This short article presents the psychogeographical (situationist) technique of dérive (literally: "drifting"). From the text it is far from clear exactly how this concept should be understood - as a methodology for scholarly study, or as an artistic practice or a form of political rebellion? Although Debord seems to position it primarily in the former category, in reality it seems to be a mix of the latter two.

By way of definition, we are offered this:

One of the basic situationist practices is the dérive [literally: 'drifting'], a technique of rapid passage through varied ambiences. Dérives involve playful-constructive behavior and awareness of psychogeographical effects, and are thus quite different from the classic notions of journey or stroll.

In a dérive one or more persons during a certain period drop their relations, their work and leisure activities, and all their other usual motives for movement and action, and let themselves be drawn by the attractions of the terrain and the encounters they find there. Chance is a less important factor in this activity than one might think: from a dérive point of view cities have psychogeographical contours, with constant currents, fixed points and vortexes that strongly discourage entry into or exit from certain zones.

But the dérive includes both this letting-go and its necessary contradiction: the domination of psychogeographical variations by the knowledge and calculation of their possibilities. In this latter regard, ecological science, despite the narrow social space to which it limits itself, provides psychogeography with abundant data. (p. 77)

So debord uses words like 'science' and 'data' and speaks of 'objective conclusions' and environmental conditions, giving the impression of a pseudo-science:

The ecological analysis of the absolute or relative character of fissures in the urban network, of the role of microclimates, of distinct neighborhoods with no relation to administrative boundaries, and above all of the dominating action of centers of attraction, must be utilized and completed by psychogeographical methods. The objective passional terrain of the dérive must be defined in accordance both with its own logic and with its relations with social morphology. (77)

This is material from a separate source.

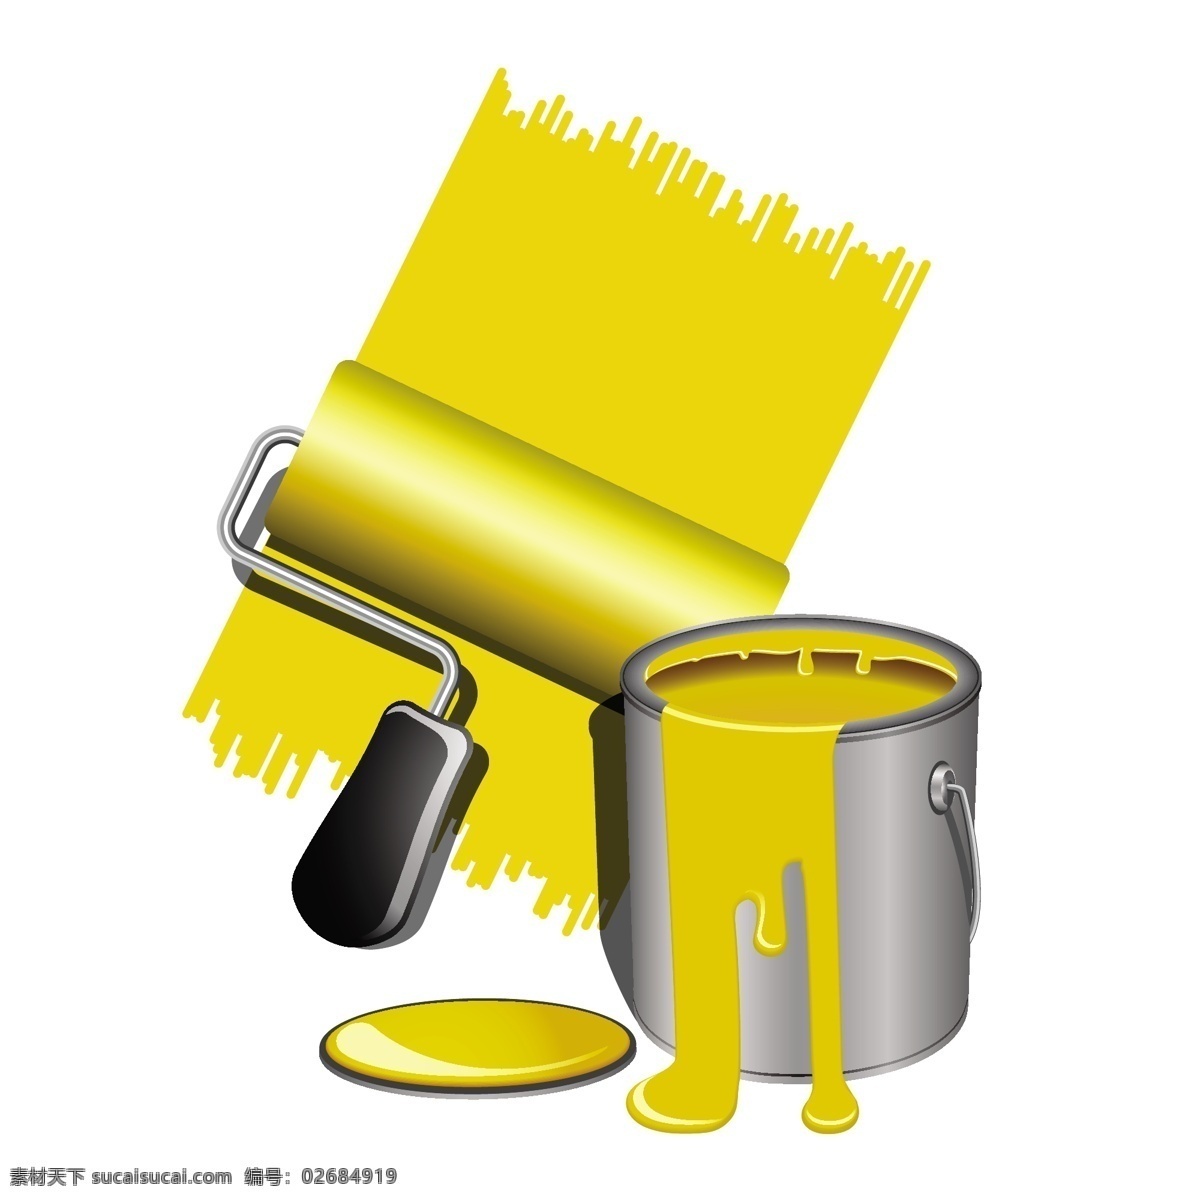 矢量 黄色 油漆桶 背景 矢量素材 刷漆 颜色 液体 油漆 装修 流淌 滴下 羊毛刷 矢量图

Debord also indicates that dérives can have two different purposes - "to study a terrain or to emotionally disorient oneself" (79). Of the former, he explains:

The exploration of a fixed spatial field entails establishing bases and calculating directions of penetration. It is here that the study of maps comes in — ordinary ones as well as ecological and psychogeographical ones — along with their correction and improvement. It should go without saying that we are not at all interested in any mere exoticism that may arise from the fact that one is exploring a neighborhood for the first time. Besides its unimportance, this aspect of the problem is completely subjective and soon fades away. (79-80)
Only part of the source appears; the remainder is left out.